### Work required
A faithful transcription of all the data, images excluded, is the required answer.

### Given material
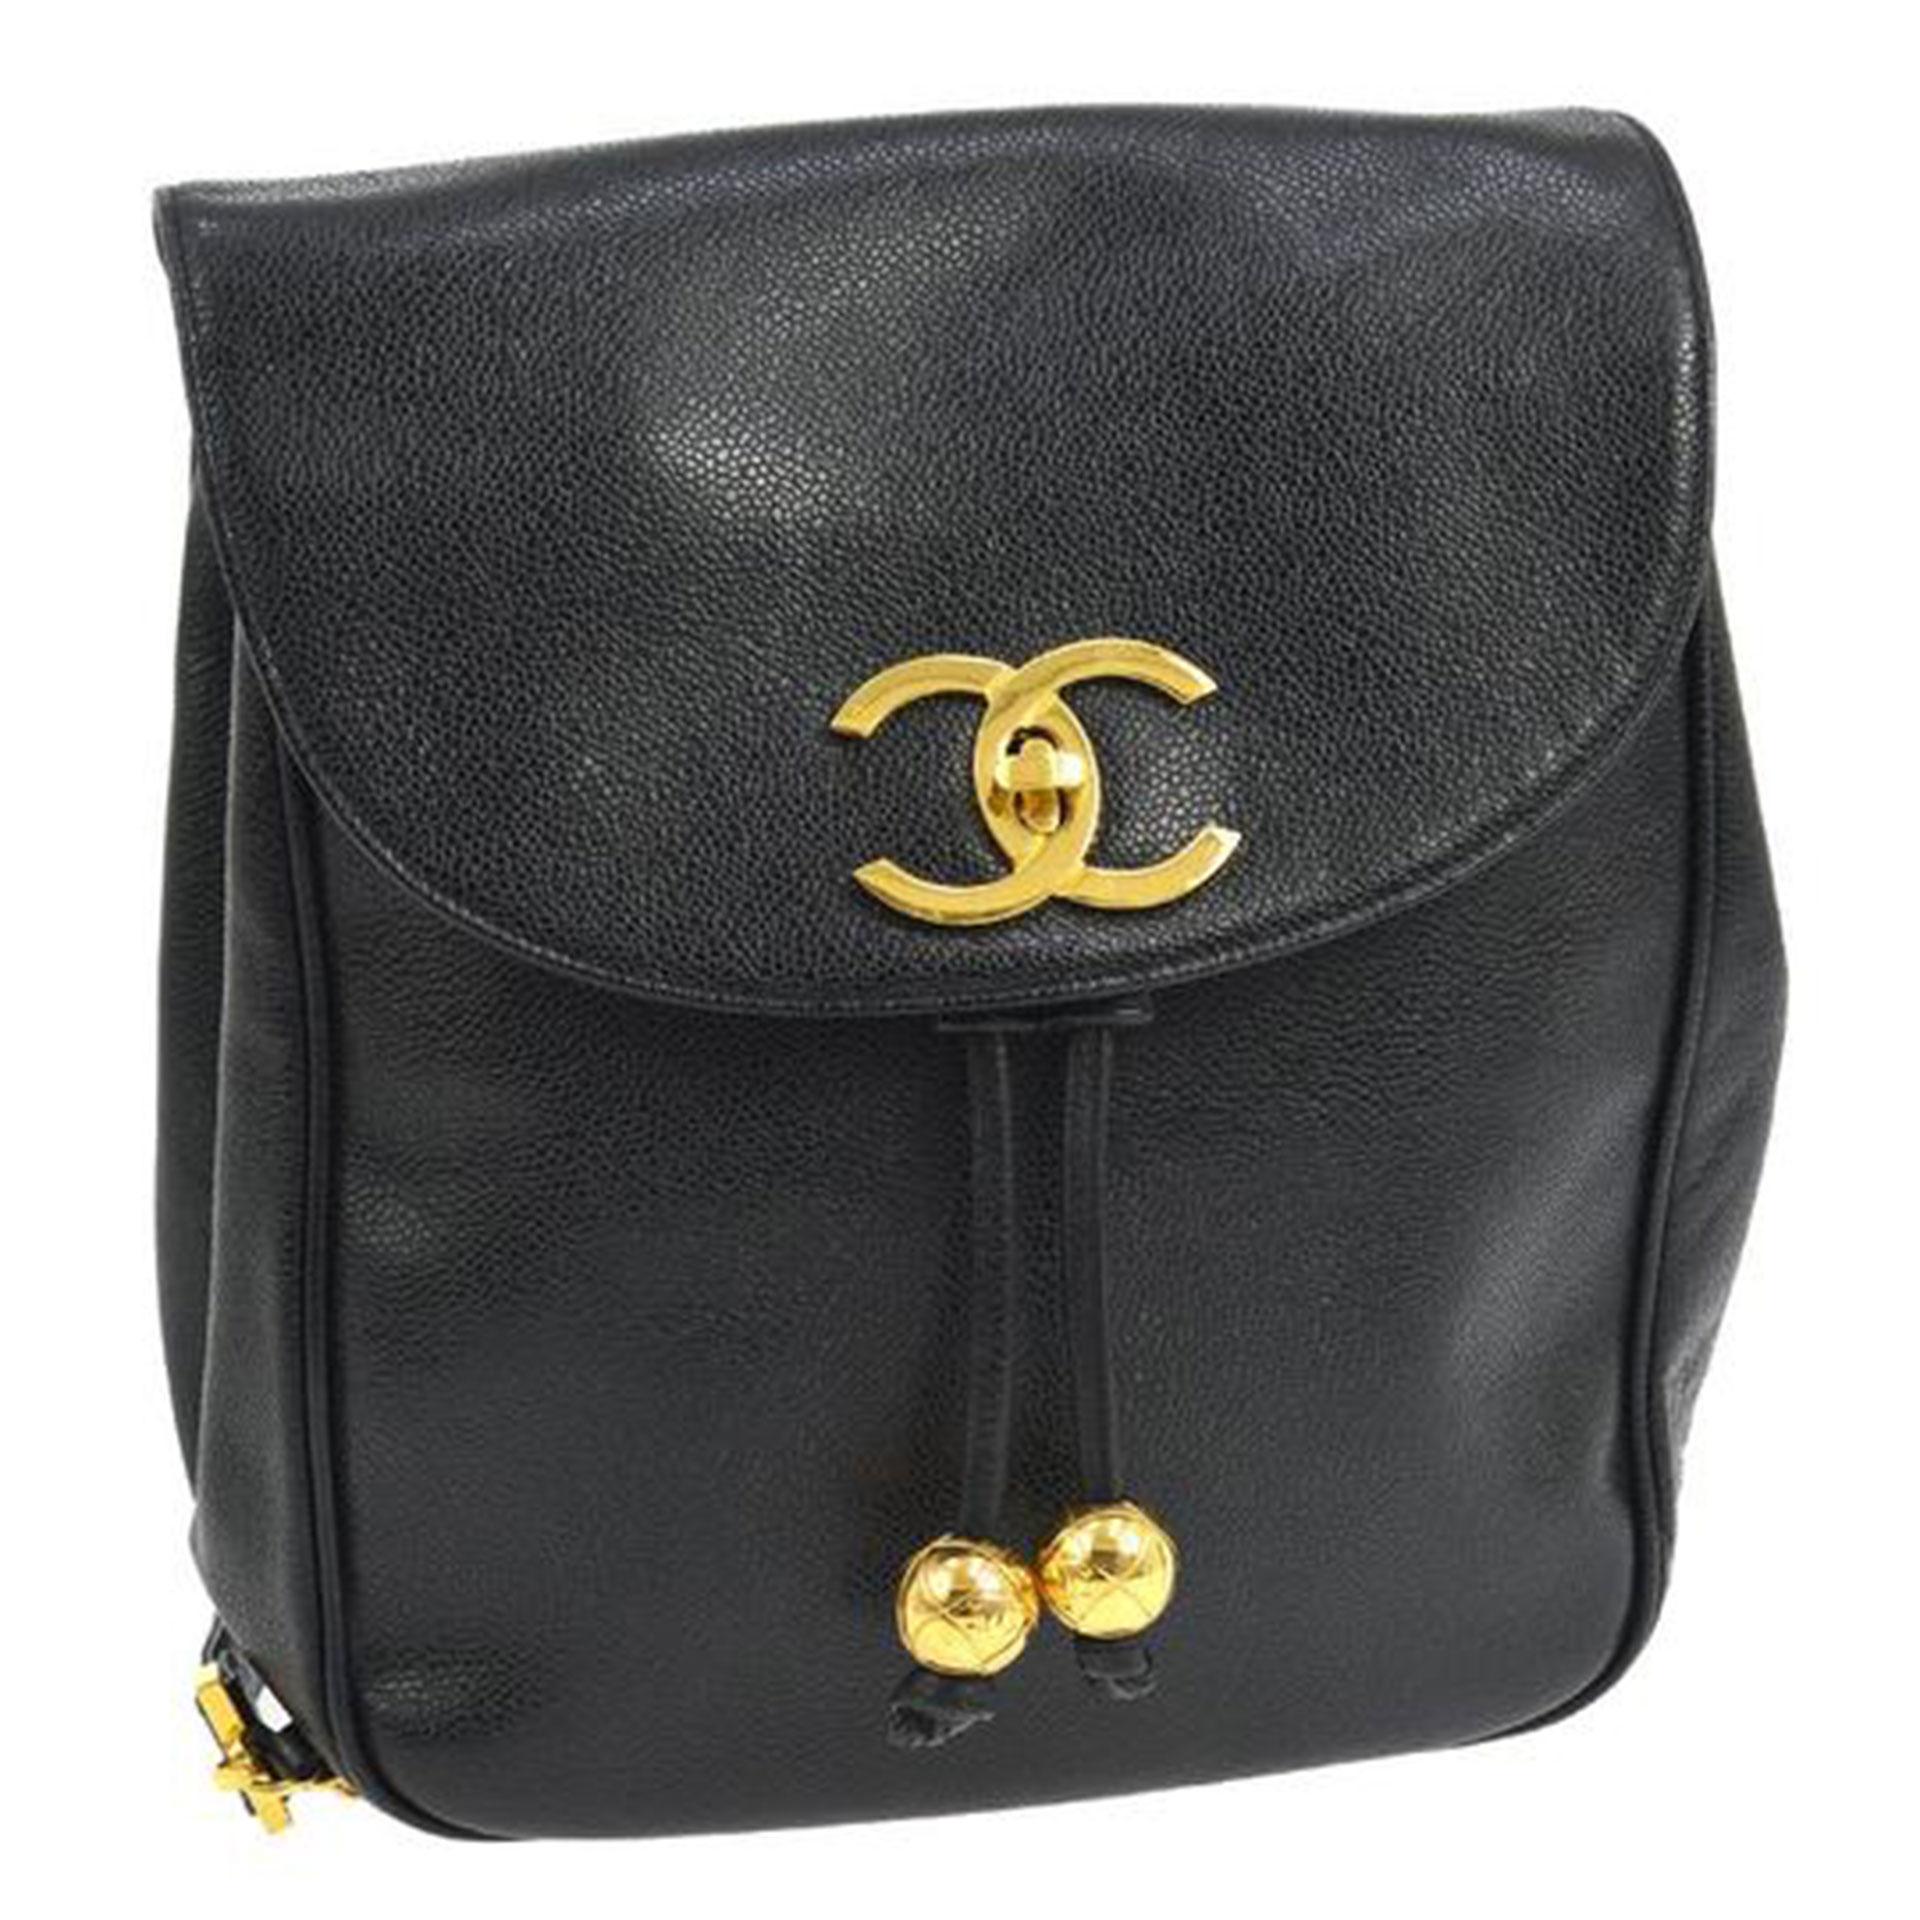 Chanel Black Caviar Backpack Vintage 2 Pocket Ball Charm CC Logo

Chanel Black Caviar Backpack with golden ball charms.
 This chic vintage Chanel backpack is ideal for everyday style about town. From 1990's. 
Straps measure 30

### Response
 Chanel Black Caviar Backpack Vintage 2 Pocket Ball Charm CC Logo

Chanel Black Caviar Backpack with golden ball charms.
 This chic vintage Chanel backpack is ideal for everyday style about town. From 1990's. 
Straps measure 30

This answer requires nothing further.